**Exercise goal:** Your answer must consist solely of the lines from the start of the entries below through the line with "Ardmore in parade", unchanged.

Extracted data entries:
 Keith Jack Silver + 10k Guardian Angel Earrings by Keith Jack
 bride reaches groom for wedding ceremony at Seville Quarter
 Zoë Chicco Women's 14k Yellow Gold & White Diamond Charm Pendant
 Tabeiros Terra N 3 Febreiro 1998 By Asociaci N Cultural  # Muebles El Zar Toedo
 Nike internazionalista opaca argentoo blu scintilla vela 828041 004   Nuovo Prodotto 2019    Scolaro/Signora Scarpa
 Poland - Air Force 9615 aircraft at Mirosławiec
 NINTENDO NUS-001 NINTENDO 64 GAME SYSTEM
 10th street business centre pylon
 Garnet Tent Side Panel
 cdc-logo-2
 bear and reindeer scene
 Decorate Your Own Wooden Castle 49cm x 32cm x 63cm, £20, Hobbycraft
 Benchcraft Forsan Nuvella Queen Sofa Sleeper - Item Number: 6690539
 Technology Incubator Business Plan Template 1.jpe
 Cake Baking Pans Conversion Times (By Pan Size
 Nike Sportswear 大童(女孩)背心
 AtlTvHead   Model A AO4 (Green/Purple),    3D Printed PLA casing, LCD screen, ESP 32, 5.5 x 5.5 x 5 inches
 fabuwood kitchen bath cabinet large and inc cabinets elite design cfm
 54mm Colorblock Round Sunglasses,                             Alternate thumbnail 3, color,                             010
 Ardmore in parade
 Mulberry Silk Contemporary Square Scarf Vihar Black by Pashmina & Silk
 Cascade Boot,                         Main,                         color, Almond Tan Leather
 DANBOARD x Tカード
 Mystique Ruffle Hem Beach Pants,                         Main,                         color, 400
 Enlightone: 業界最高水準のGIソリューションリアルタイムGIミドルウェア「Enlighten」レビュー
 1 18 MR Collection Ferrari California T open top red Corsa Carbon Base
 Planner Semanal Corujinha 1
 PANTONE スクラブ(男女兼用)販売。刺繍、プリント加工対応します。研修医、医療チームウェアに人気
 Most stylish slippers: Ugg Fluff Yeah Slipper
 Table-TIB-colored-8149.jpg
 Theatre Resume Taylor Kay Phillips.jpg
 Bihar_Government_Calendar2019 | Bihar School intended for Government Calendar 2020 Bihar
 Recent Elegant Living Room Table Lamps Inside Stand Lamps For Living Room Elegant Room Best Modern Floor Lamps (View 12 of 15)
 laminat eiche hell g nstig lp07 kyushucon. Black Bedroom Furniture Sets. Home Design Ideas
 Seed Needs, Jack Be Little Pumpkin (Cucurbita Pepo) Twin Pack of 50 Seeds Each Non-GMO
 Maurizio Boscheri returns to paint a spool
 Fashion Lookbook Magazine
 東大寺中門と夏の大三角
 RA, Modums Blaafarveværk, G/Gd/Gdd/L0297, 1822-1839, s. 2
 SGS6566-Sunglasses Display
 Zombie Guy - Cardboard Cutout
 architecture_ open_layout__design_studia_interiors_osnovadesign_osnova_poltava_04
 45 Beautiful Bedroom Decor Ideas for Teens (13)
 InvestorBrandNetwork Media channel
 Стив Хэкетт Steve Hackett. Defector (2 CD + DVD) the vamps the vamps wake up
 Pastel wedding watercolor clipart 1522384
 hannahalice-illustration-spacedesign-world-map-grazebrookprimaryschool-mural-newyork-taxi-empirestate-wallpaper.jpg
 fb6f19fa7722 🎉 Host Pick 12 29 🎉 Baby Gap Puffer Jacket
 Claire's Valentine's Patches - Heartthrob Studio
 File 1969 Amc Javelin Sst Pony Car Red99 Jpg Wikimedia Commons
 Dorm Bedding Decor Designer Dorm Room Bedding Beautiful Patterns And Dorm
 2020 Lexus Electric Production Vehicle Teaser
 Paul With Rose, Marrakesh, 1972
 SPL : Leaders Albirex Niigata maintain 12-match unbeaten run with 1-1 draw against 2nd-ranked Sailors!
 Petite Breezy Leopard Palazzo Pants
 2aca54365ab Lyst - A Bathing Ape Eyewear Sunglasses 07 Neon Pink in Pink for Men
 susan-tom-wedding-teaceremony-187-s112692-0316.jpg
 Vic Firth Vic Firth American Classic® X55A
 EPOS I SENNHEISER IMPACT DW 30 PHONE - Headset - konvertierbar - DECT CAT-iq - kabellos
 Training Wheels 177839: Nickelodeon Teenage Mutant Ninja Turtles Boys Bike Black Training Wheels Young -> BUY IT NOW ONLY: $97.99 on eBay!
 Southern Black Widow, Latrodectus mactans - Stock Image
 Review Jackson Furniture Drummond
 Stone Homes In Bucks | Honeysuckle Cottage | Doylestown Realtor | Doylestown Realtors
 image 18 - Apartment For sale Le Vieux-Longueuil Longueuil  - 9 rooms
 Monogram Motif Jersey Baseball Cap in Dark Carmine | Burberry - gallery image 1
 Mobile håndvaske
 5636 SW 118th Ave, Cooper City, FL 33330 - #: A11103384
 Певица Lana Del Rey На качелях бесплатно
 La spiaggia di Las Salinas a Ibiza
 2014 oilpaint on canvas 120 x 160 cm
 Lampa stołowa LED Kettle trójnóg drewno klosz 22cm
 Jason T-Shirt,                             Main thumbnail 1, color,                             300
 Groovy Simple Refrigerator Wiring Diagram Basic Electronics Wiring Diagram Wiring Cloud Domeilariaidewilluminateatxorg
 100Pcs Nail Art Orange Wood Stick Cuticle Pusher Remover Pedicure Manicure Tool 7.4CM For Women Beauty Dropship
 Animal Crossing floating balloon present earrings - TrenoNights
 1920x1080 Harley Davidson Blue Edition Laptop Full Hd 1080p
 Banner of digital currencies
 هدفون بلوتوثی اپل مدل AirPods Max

**Finished exercise:**
 Keith Jack Silver + 10k Guardian Angel Earrings by Keith Jack
 bride reaches groom for wedding ceremony at Seville Quarter
 Zoë Chicco Women's 14k Yellow Gold & White Diamond Charm Pendant
 Tabeiros Terra N 3 Febreiro 1998 By Asociaci N Cultural  # Muebles El Zar Toedo
 Nike internazionalista opaca argentoo blu scintilla vela 828041 004   Nuovo Prodotto 2019    Scolaro/Signora Scarpa
 Poland - Air Force 9615 aircraft at Mirosławiec
 NINTENDO NUS-001 NINTENDO 64 GAME SYSTEM
 10th street business centre pylon
 Garnet Tent Side Panel
 cdc-logo-2
 bear and reindeer scene
 Decorate Your Own Wooden Castle 49cm x 32cm x 63cm, £20, Hobbycraft
 Benchcraft Forsan Nuvella Queen Sofa Sleeper - Item Number: 6690539
 Technology Incubator Business Plan Template 1.jpe
 Cake Baking Pans Conversion Times (By Pan Size
 Nike Sportswear 大童(女孩)背心
 AtlTvHead   Model A AO4 (Green/Purple),    3D Printed PLA casing, LCD screen, ESP 32, 5.5 x 5.5 x 5 inches
 fabuwood kitchen bath cabinet large and inc cabinets elite design cfm
 54mm Colorblock Round Sunglasses,                             Alternate thumbnail 3, color,                             010
 Ardmore in parade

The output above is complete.